In parallel, the application will be deployed to the designated "CDX" Web server, transitioning from my development environment to a more production-like operational setup. The deployment will be secured using a SSL/TLS certificate issued by the internal Certificate Authority for the lab's Active Directory domain (edbradleyweb.local), maintaining encrypted access while maintaining trust within the internal network.

Wrap Up

CDX Web Scan represents the successful establishment of the front-door intake layer for the broader CDX processing pipeline. While the concrete use case centers on scanning CDs, the application is deliberately structured to model a generic, enterprise-grade intake system, one that prioritizes durability, traceability, and operational resilience over domain-specific features.

At this stage, the core intake mechanics are firmly in place: a mobile-friendly operator experience, session-backed batching, validation and duplicate prevention, and durable local persistence of scan and API dispatch history.
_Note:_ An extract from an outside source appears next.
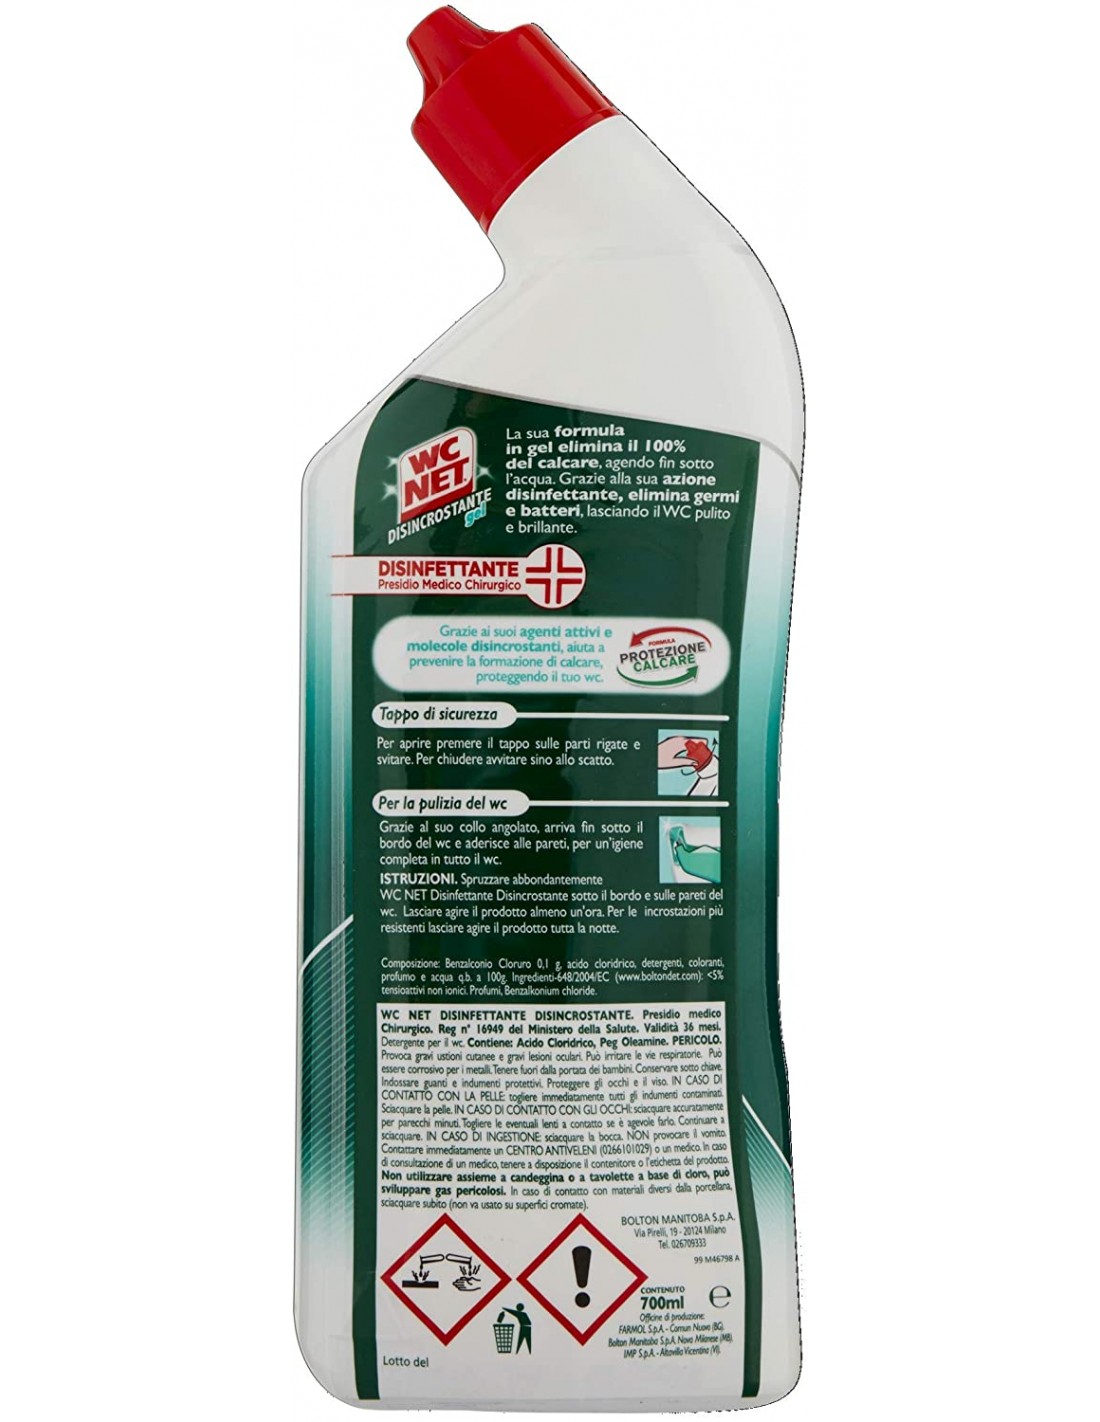 4x WC Net Candeggina GEL Formula Protezione Calcare Promo 3 Bottiglie

Each scan is treated as a first-class unit of work that can be audited, replayed, and handed off reliably to downstream services, mirroring the expectations of real-world inventory, asset, and document ingestion systems.

From an engineering perspective, the project demonstrates a pragmatic, production-oriented approach: a modular Flask application organized around feature ownership, HTMX-driven interactivity without frontend bloat, and a Dockerized deployment that cleanly separates application logic from traffic handling via NGINX. The local SQLite database provides an intentionally simple but effective foundation for operational truth during early pipeline development.

With the intake UI and deployment model validated, the next phase will focus on wiring CDX Web Scan into the AWS-based intake API and queuing layer, completing its role as the entry point to an asynchronous, enrichment-driven pipeline. As that integration comes online and the application moves onto dedicated infrastructure secured by internal PKI, this module will transition from a standalone intake tool into a fully integrated component of a larger, event-driven system!